The character of Arthur Seaton reflects the youth of the area. We get an in depth look into the mind and issues of the laborer with inner monologues in which Arthur sums up his feeling on the conditions around him. Such mottos as “Don’t let the Bastards grind you down” and “I’m out for a good time, all the rest is propaganda” spew forth from the angry voice inside his head. He seems to think that he’s not a part of this society, he believes that there’s a lot more to life than what his parents got.
These sentiments resonated with the youth of the times as well as the old. All old men were young men once with the foolish minds of young men, but such brash talk is futile. Arthur gets caught up in the trap of the working class just as almost everyone does. He isn’t even done in by any particular event. His wild ways aren’t curtailed by the fact that he got a married woman pregnant. He laughs the whole situation off as it’s not his problem. A cliché could have formed from the beating he took courtesy of the betrayed husband. Surely, this would set Arthur straight. Not so, Arthur is accepting the beating he took as one in a future of potential beatings.

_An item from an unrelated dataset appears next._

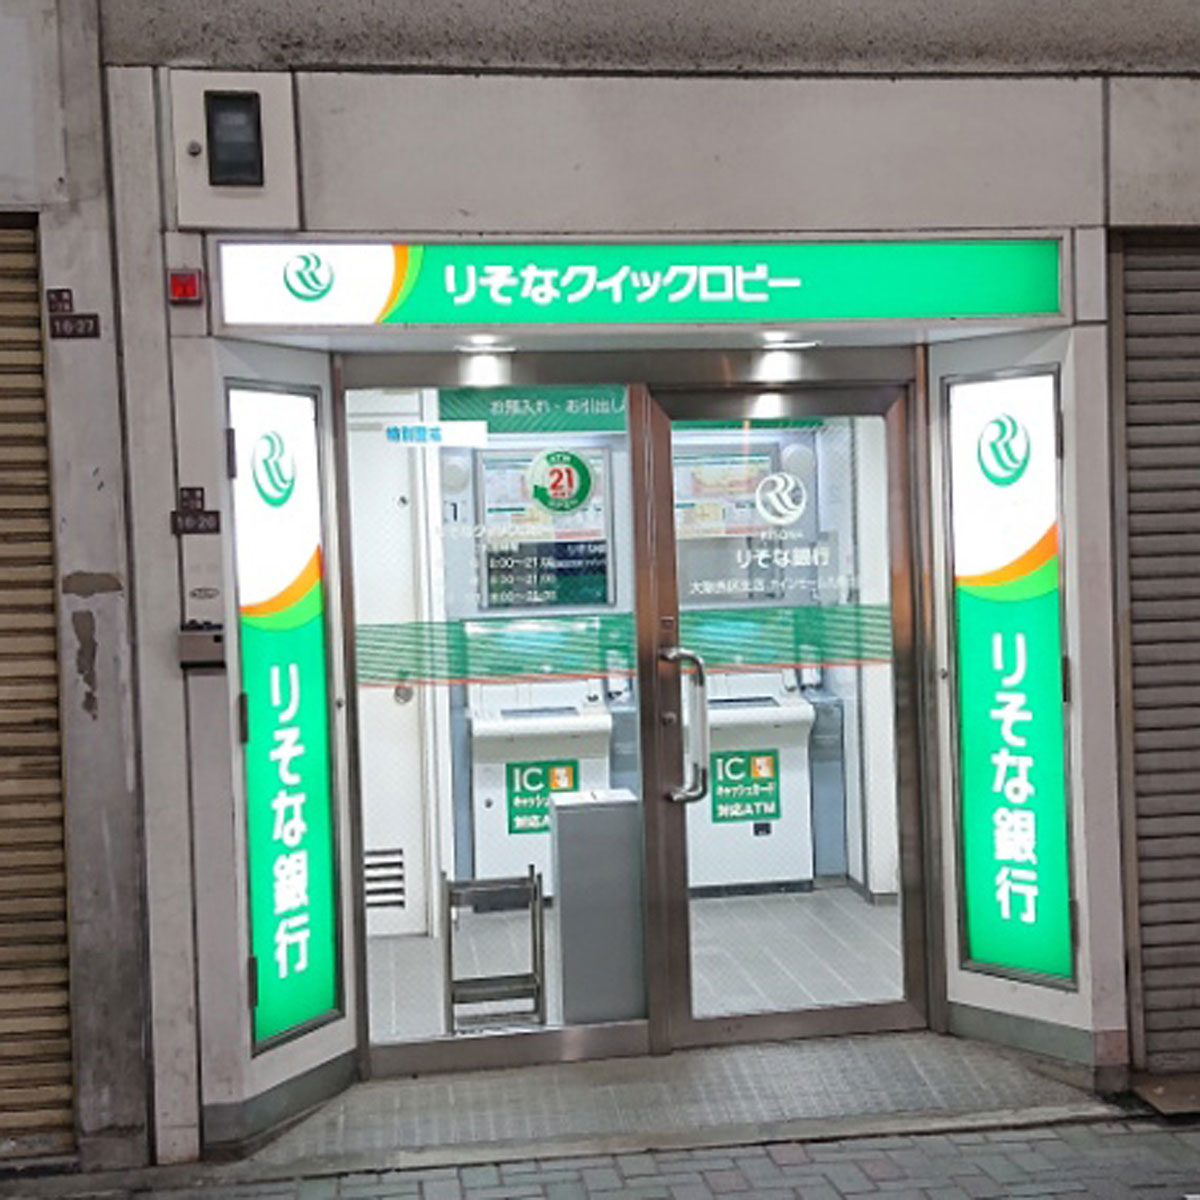 松島新地 - りそな銀行 ナインモール九条出張所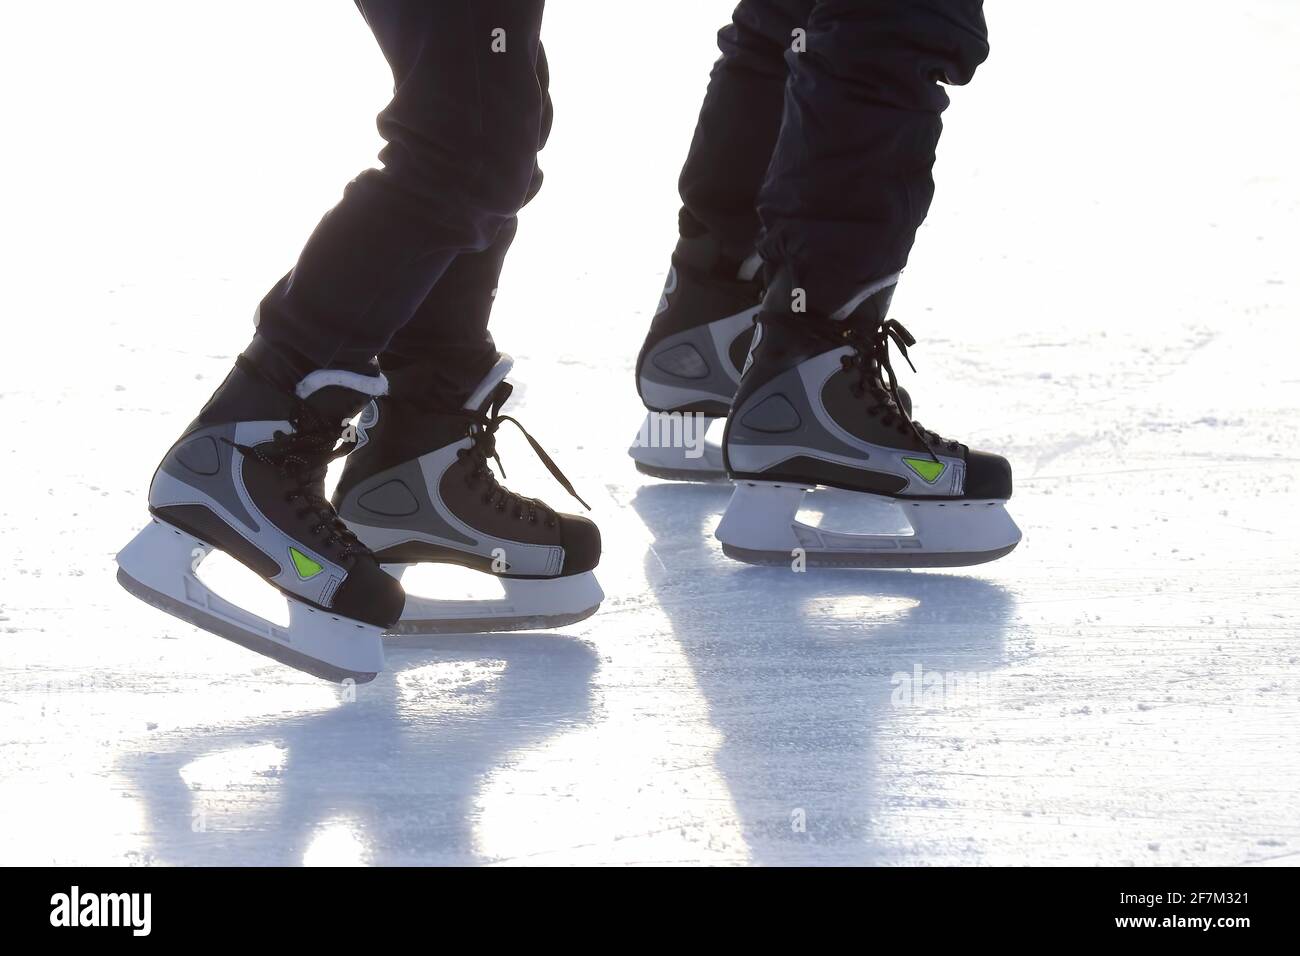 les pieds de différentes personnes patinant sur la patinoire Banque D'Images

As soon as he can stand, he’s up and boozing at the pub. He spends a bit more time with his girl Doreen and he’s open, but not overly enthusiastic to the idea of marriage. His demeanor seems to say, “why not?” In the end, there are some rumblings from Arthur about throwing more stones in the future as if he wasn’t giving in to a life not unlike his parents’. Just because he’s going down grudgingly doesn’t mean he’s not going down.
Pauline Kael posed a question of the films ending after its release, “…what kind of future can the hero have when the movie is over but to fall into the stinking stupor of his parents, get drunk, quarrel with his wife, and resign himself to bringing up little working-class brats?” (11). I agree with Ms. Kael in that this is a fairly bleak ending for Arthur Seaton. However, this is a step forward in the fact that film is acknowledging this pessimistic trend of the working class. Kael points out again the sorry state of our hero in with the observation that which Arthur has no real economic or intellectual push to escape his environment (12). To me, this adds to the final moral of the story: you can gripe, fight and sneer all you like, but that’s not going to alter your destiny. If you belonged to the working class of the 50’s and 60’s, you had to make some attempt at elevating yourself, or be stuck where you are. Karel Reisz worked his way out of it to the point where he was able to make a film about it, Arthur Seaton just worked.
The brand of social realism apparent in this film would go on to create the British New Wave. A characteristic of these films was the X certificate rating they earned. Such certificates were rare in the 50’s. No film was worthy of one in the first years of the decade and only 3 pushed the limit in ’56, but by 1961, 16 films contained material characteristic of the wave. Never before had such explicit material, all reflecting the truths about the changing society, been a part of British Cinema. Previously, overt sexuality and violence were only staples of international (primarily French) cinema. This break from conservative storytelling sparked a whole decade of films that gave priority to realism instead of simple substance (Billy Liar (1963), The Knack (1965), Sunday Bloody Sunday (1971)), initiating change in British Society along the way (Marwick 127, 148-149).